3.2. Oral Status Praesens at Time of [18F]FDG PET/CT Imaging

Fifty status praesens and DMFT indices (median 12; IQR [7.3–16.5]) were determined by the information obtained from dental records. A Kruskal–Wallis H test revealed no difference (H(2) = 4.724, p = 0.094) between the mean DMFT scores of the three groups. The DMFT score in group 1 (median 10.5; IQR [5,6,7,8,9,10,11,12,13,14]) was not significantly different than the DMFT score in group 3 (median 12.5; IQR [10.3–23.8]). Based on the dental records, the periodontal health was good in all patients. Only one patient had acute dental problems at the time of the scan (Figure 2).
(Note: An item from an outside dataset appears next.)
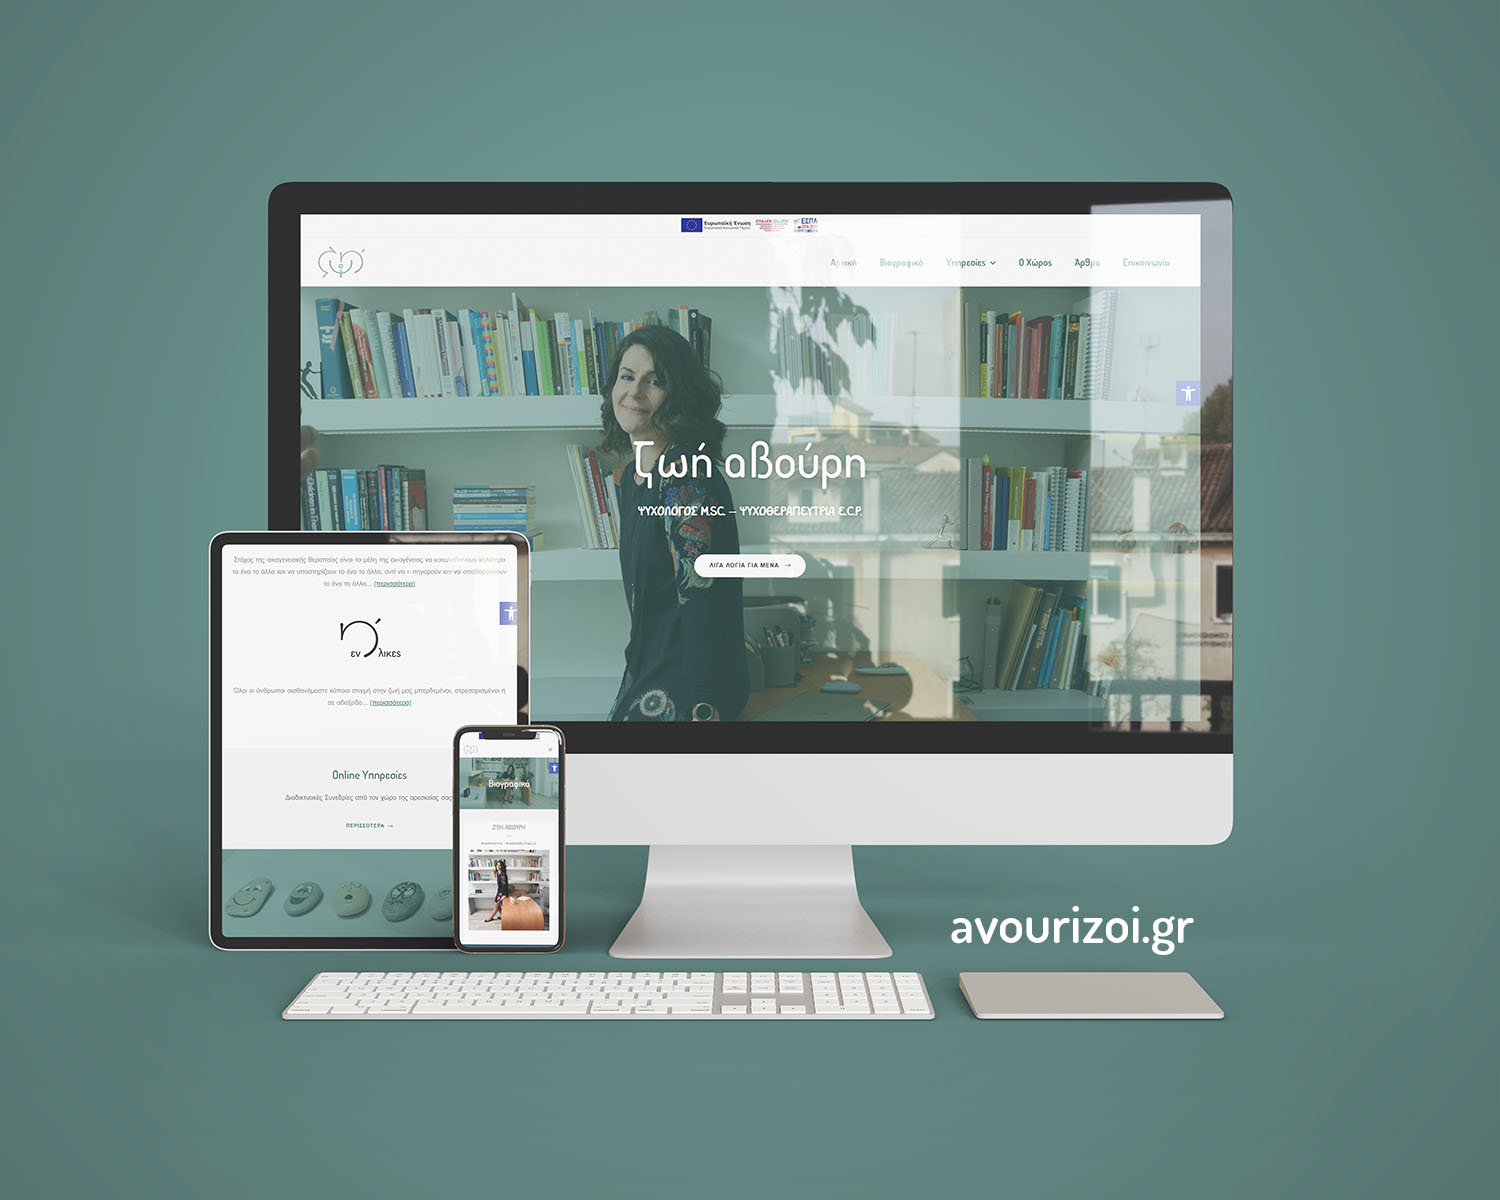 avourizoi.gr – Ιστοσελίδα

3.3. Visual [18F]FDG Uptake Scores and SUVmax Compared with Dental Treatments

In 54 sextants (17.3%) the positive visual scores were between 2 and 3 (median 2.0) (Table 2). Dental restorations were performed in 69 sextants, of which only 13 had a positive visual score. Furthermore, extractions were performed in 16 sextants, of which only 2 had a positive visual score. All the root canal treatments were performed in sextants with a visual [18F]FDG uptake score of 0. Regarding the true-positive findings of [18F]FDG PET/CT scans, the number of dental treatments did not correlate with the visual [18F]FDG uptake scores (dental restorations, p = 0.546; extractions, p = 0.985; and root canal treatments, p = 1.000).
The SUVmax was measured in all sextants, and was above zero in 72 sextants (23%) (3.56 ± 1.67). The number of dental treatments also did not correlate with the SUVmax (dental restorations, p = 0.209; extractions, p = 0.933; root canal treatments, p = 0.593).
The visual [18F]FDG uptake scores in groups 1, 2, and 3 were not significantly different (H(2) = 4.359, p = 0.113). There was also no significant difference in the SUVmax for the three groups (F(2, 69) = 0.27, p = 0.798).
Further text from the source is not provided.